Whew, almost done with the corrections: I’m also not criticizing Poetry Magazine for publishing her work (or, as you say, that of Armantrout & Silliman). I’m stressing that although she’s not been heralded by all from day one, she’s done quite well for herself with admirers and publications.

Since Armantrout is mentioned by both of us, it’s interesting to compare the two, as Armantrout is never talked about (as far as I can see) as the hermit outsider that Ryan is, but how much more under the radar Armantrout has been over the years than Ryan has been. But of course, Armantrout has the LANGUAGE POET tag to wear, and we all only get one pigeon hole when the culture finally starts talking about us . . .

At 8/12/2010 8:25 AM, Blogger John Gallaher said...

Quick addition:

The Ruth Lilly Poetry Prize is awarded by The Poetry Foundation, not Poetry Magazine. So I shouldn’t have conflated the two.

Here’s the list of winners of the Ruth Lilly Poetry Prize since it began in 1986. It’s an impressive list (and it includes Ashbery!).

2010: Eleanor Ross Taylor
2009: Fanny Howe
2008: Gary Snyder
2007: Lucille Clifton
2006: Richard Wilbur
2005: C. K. Williams
2004: Kay Ryan
2003: Linda Pastan
2002: Lisel Mueller
2001: Yusef Komunyakaa
2000: Carl Dennis
1999: Maxine Kumin
1998: W. S. Merwin
1997: William Matthews
1996: Gerald Stern
1995: A. R. Ammons
1994: Donald Hall
1993: Charles Wright
1992: John Ashbery
1991: David Wagoner
1990: Hayden Carruth
1989: Mona Van Duyn
1988: Anthony Hecht
1987: Philip Levine
1986: Adrienne Rich

At 8/12/2010 8:59 AM, Anonymous Anonymous said...

Open the 2nd bottle, Donny POETRY, and relax. You're like the Franz Wright of editors--wherever POETRY is
"besmirched"--you'll be there to unsmirch it! And, Gallaher owes you no apology--his piece sounded nothing like a conspiracy theory. --Driscoll

At 8/12/2010 10:12 AM, Anonymous Anonymous said...

Uh, oh, JG, they're coming for ya. I see black helicopters on the horizon.

At 8/12/2010 10:45 AM, Anonymous Anonymous said...
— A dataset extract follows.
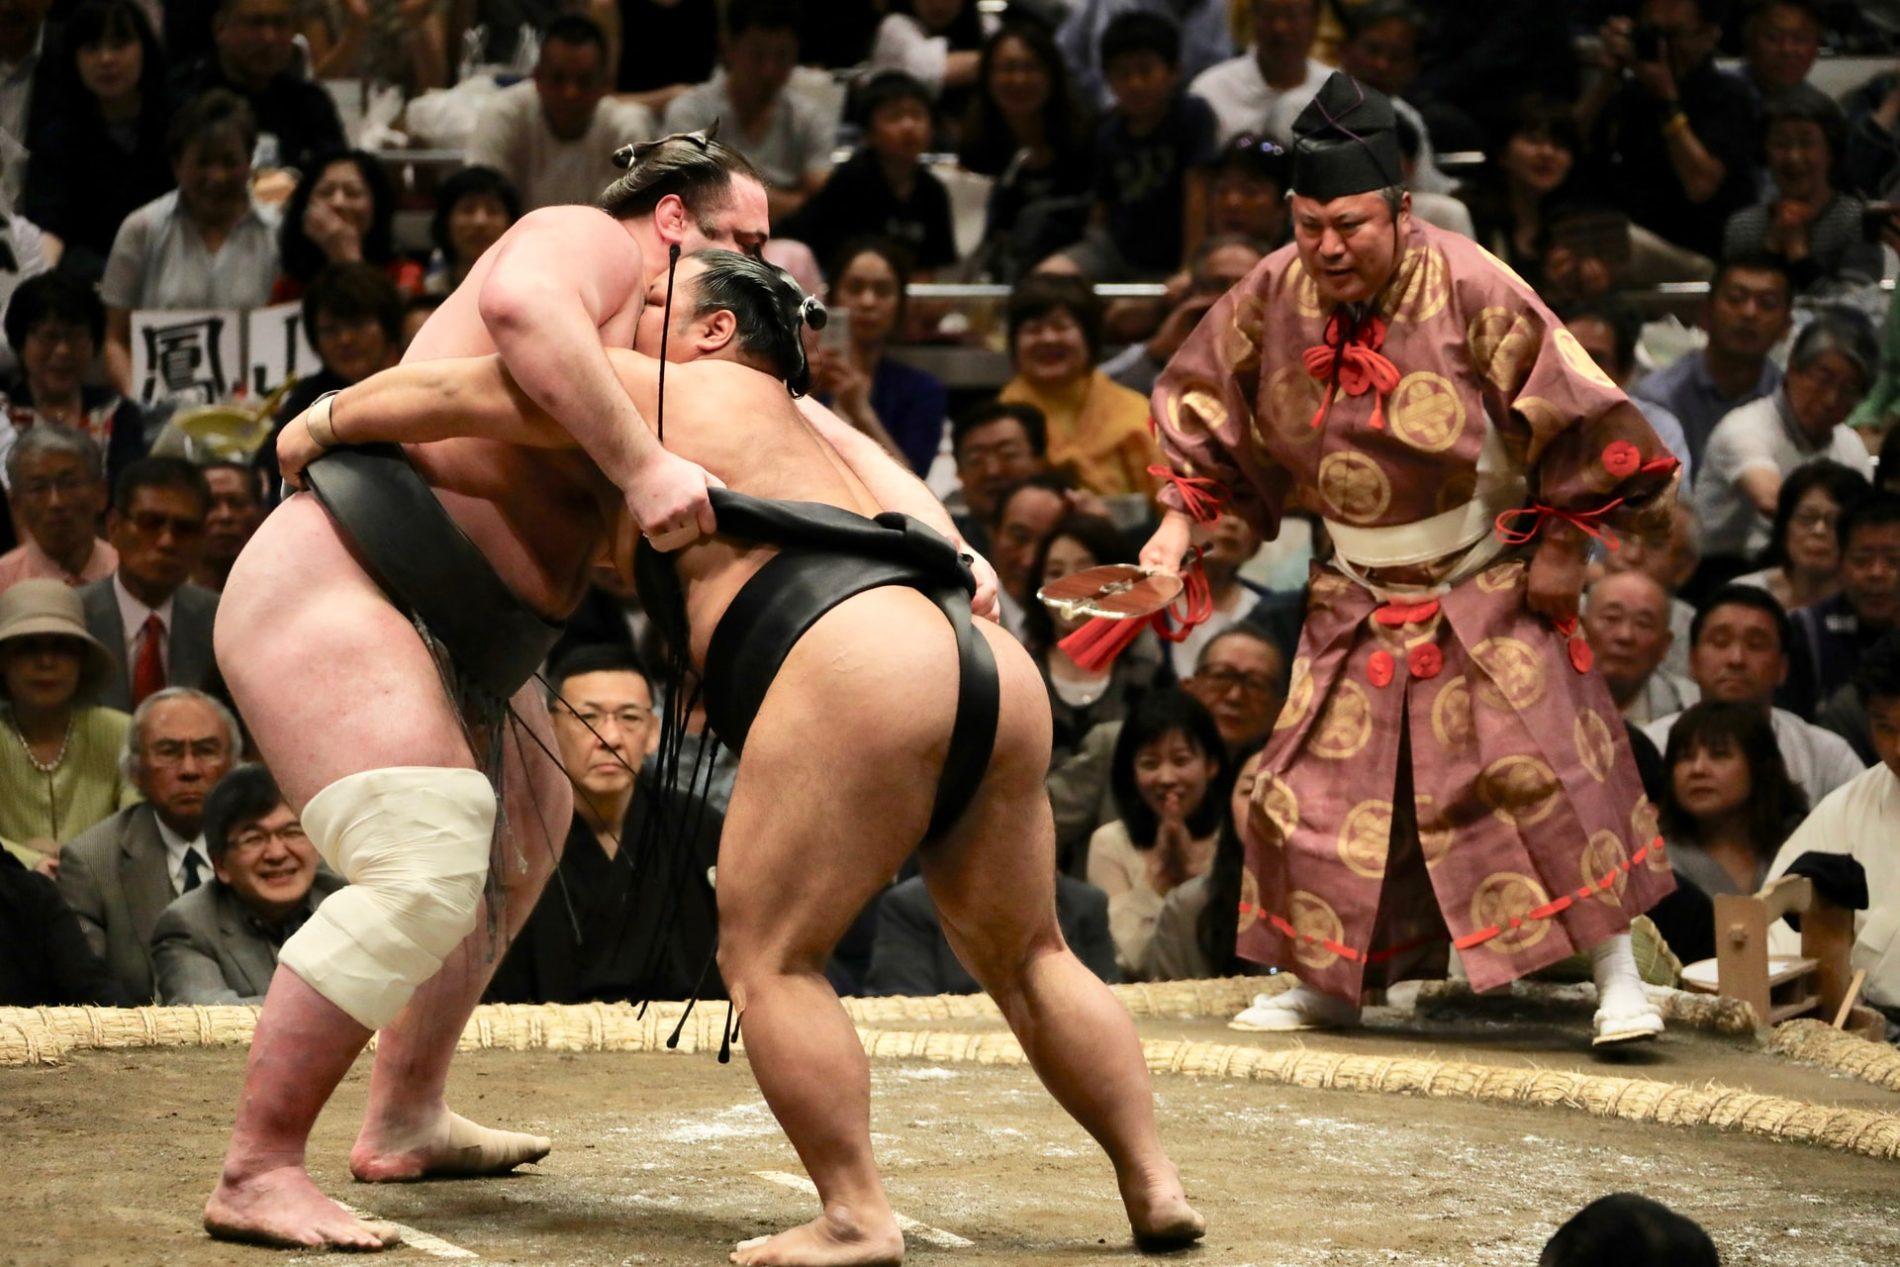 Übers Jahr hinweg finden mehrere große sumō-Turniere in Japan statt. Mit etwas Glück kannst du während deiner Japanreise einem Kampf beiwohnen. (Foto: Bob Fisher auf Unsplash https://unsplash.com/photos/kVi5zMOUTFc)

Anyone who has screened for any of the major poetry prizes--perhaps not counting those with a pronounced or explicit bent towards more innovative work--knows just how small a percentage of the poetry will bear any resemblance to, or even acquaintance with, the Ash-Sil-You or Arm-Hej-Ru axes. I've screened for the Bakeless competition three times in the past six years, and while I've seen some very good work in more conventional/accessible modes, the percentage that could in any way be said to fall in innovative or experimental precincts is consistently less than 10%.

I'm more interested in the process by which formal or stylistic innovations "bleed through" into idioms that are, overall, more "accessible" or conventional. The New Yorker's recent attempts to recognize and domesticate Armantrout and Carson are, I would argue, part of that process.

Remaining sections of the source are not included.